First logged into Ubuntu 16.04 server using
ssh -p [portNuumber] user-name@ipaddress/host
Open the ssh config
file to make changes
vi /etc/ssh/sshd_config
Uncomment the port 22 line, changed the ssh port number from 22 to something under 1024
# What ports, IPs and protocols we listen for
Port 123
restart the ssh service to apply changes
service ssh restart
Logged in again via SSH, now this time with the different port number [as the ssh port we changed in the above steps].
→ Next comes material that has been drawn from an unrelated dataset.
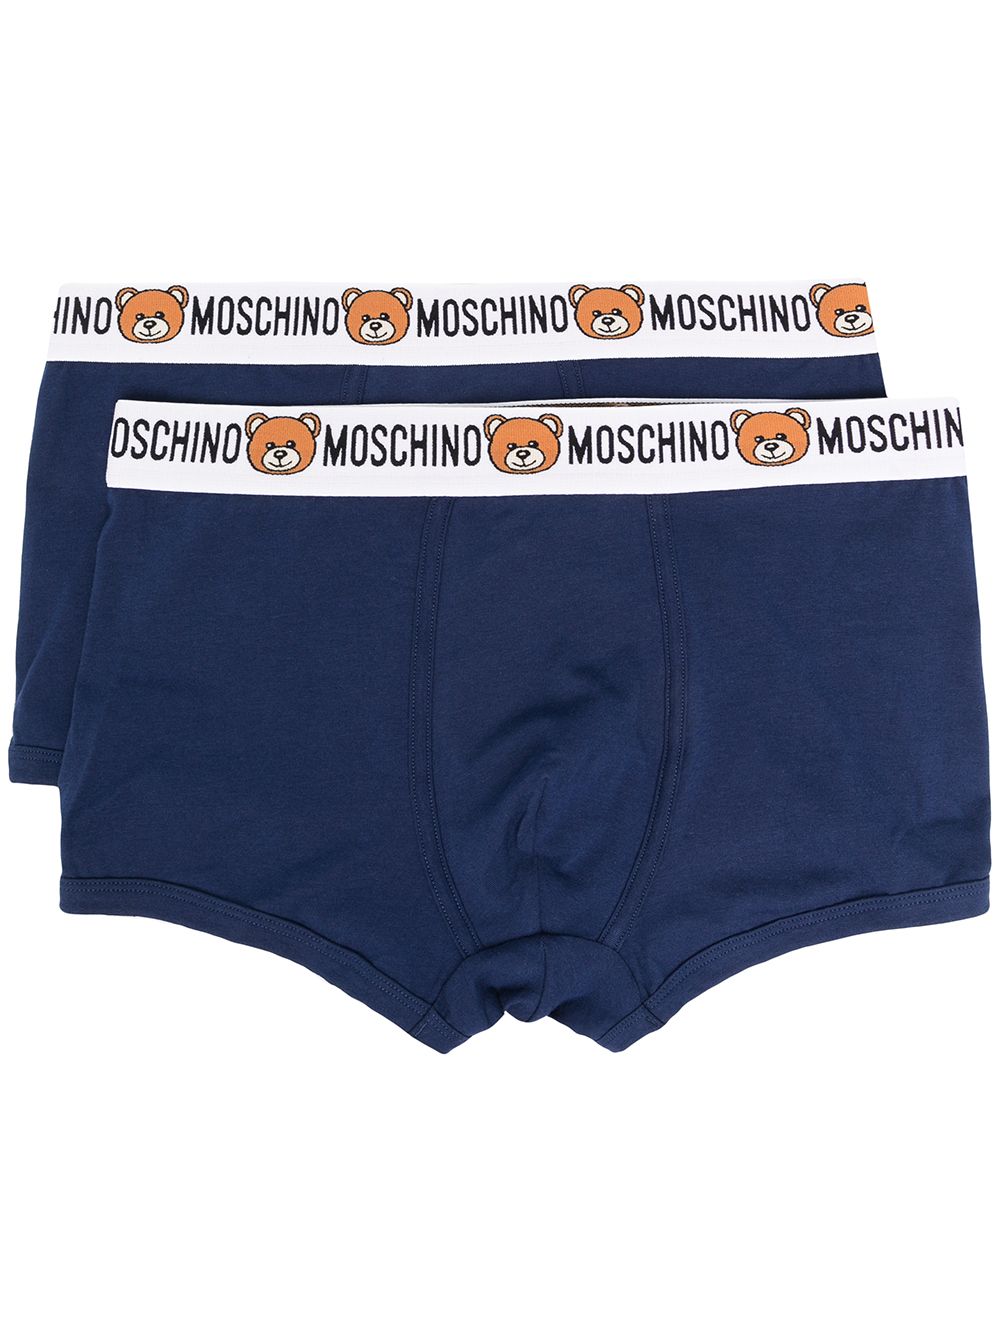 Moschino teddy logo waistband briefs - Blue von Moschino

Added a new user to do ssh so that we don't allow root user for ssh.
adduser username # e.g. adduser your-sshable-user
Enter new UNIX password: 123InsecurePassword^
Retype new password: 123InsecurePassword^
Full Name []: your-sshable-user
Room Number []:
Work Phone []:
Home Phone []:
Other []:
Added user to admin group
adduser your-sshable-user@ sudo
Disabled the root login in the ssh config file
vi /etc/ssh/sshd_config
PermitRootLogin no
Restarted ssh service
service ssh restart
Logged out and logged in again with the newly created ssh user to test it.
ssh -p 123 your-sshable-user@ipaddress/host
Enter password: 123InsecurePassword^
Generating RSA Keys
Logged out so I can create RSA private keys for SSH logins
The first step involves creating a set of RSA keys for use in authentication.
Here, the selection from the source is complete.